Олива, как прочие пленники, проводила дни под замком, подвергаясь допросам, и все это время она не видела своего дорогого Босира, но нельзя сказать, что он ничем ей о себе не напоминал: мы убедимся, что возлюбленный оставил ей на память тот самый залог, о котором мечтала Дидона, говоря: «О, если бы мне было дано увидать, как на моих коленях играет малютка Асканий!»[149]

В мае месяце 1786 года на улице Сен-Поль на ступенях портала церкви св. Павла в толпе бедняков стоял человек. Он был в большом волнении, прерывисто дышал и все смотрел в сторону Бастилии, не в силах отвести от нее взгляда.

К нему подошел человек с длинной бородой; то был один из немцев, состоявших на службе у Калиостро; во время таинственных приемов в старом доме на улице Сен-Клод Бальзамо отводил ему роль дворецкого.

Этот слуга остановился рядом со снедаемым нетерпением Босиром и тихо ему сказал:

– Подождите, подождите, сейчас они приедут.

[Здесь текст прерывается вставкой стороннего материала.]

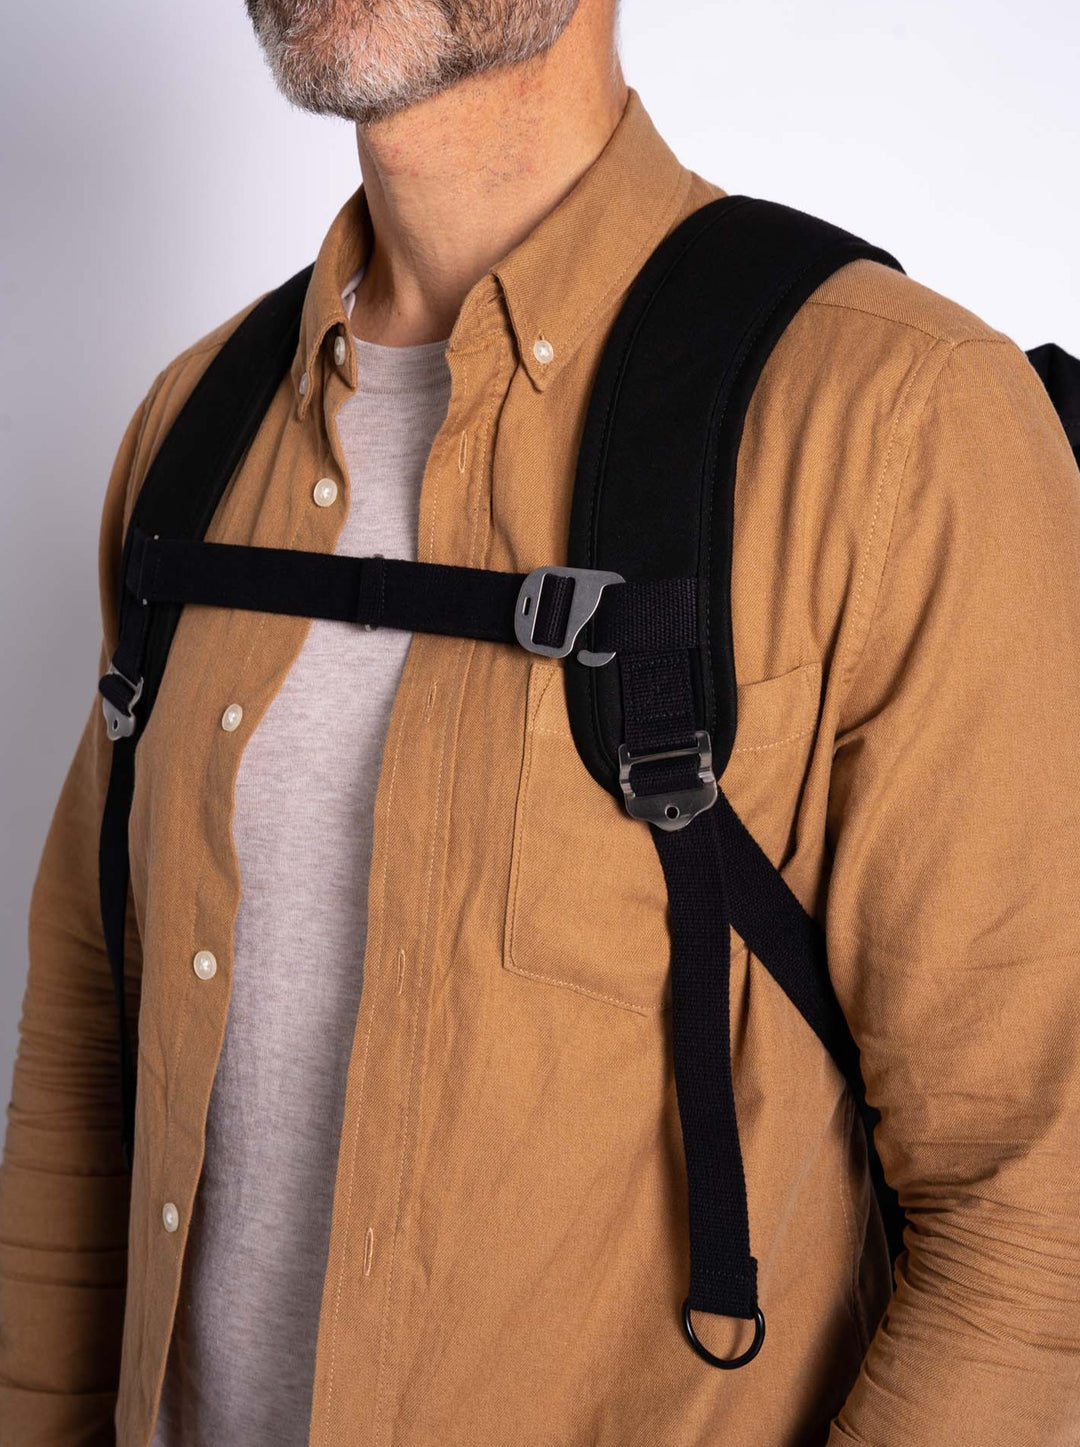 DIY Leather Craft Bag Strap Accessories Shoulder Webbing Buckle

– А, это вы! – вскричал Босир.

Но поскольку слова «сейчас они приедут» явно его не успокоили и он вопреки благоразумию продолжал размахивать руками, не скрывая своего волнения, немец сказал ему на ухо:

– Господин Босир, вы так шумите, что вас заметит полиция. Мой хозяин обещал передать вам весточку, вот я ее и принес.

– Говорите же! Говорите, друг мой!

– Тише. Мать и дитя находятся в полном здравии.

– О-о! – возопил Босир в порыве неописуемого восторга. – Она родила! Она спасена!

– Да, сударь, но отойдемте в сторону, прошу вас.

– Девочка?

– Нет, сударь, мальчик.

– Это еще лучше! Ах, друг мой, какое счастье, какое счастье! Поблагодарите от меня вашего хозяина, передайте ему, что моя жизнь и все, что у меня есть, в его распоряжении.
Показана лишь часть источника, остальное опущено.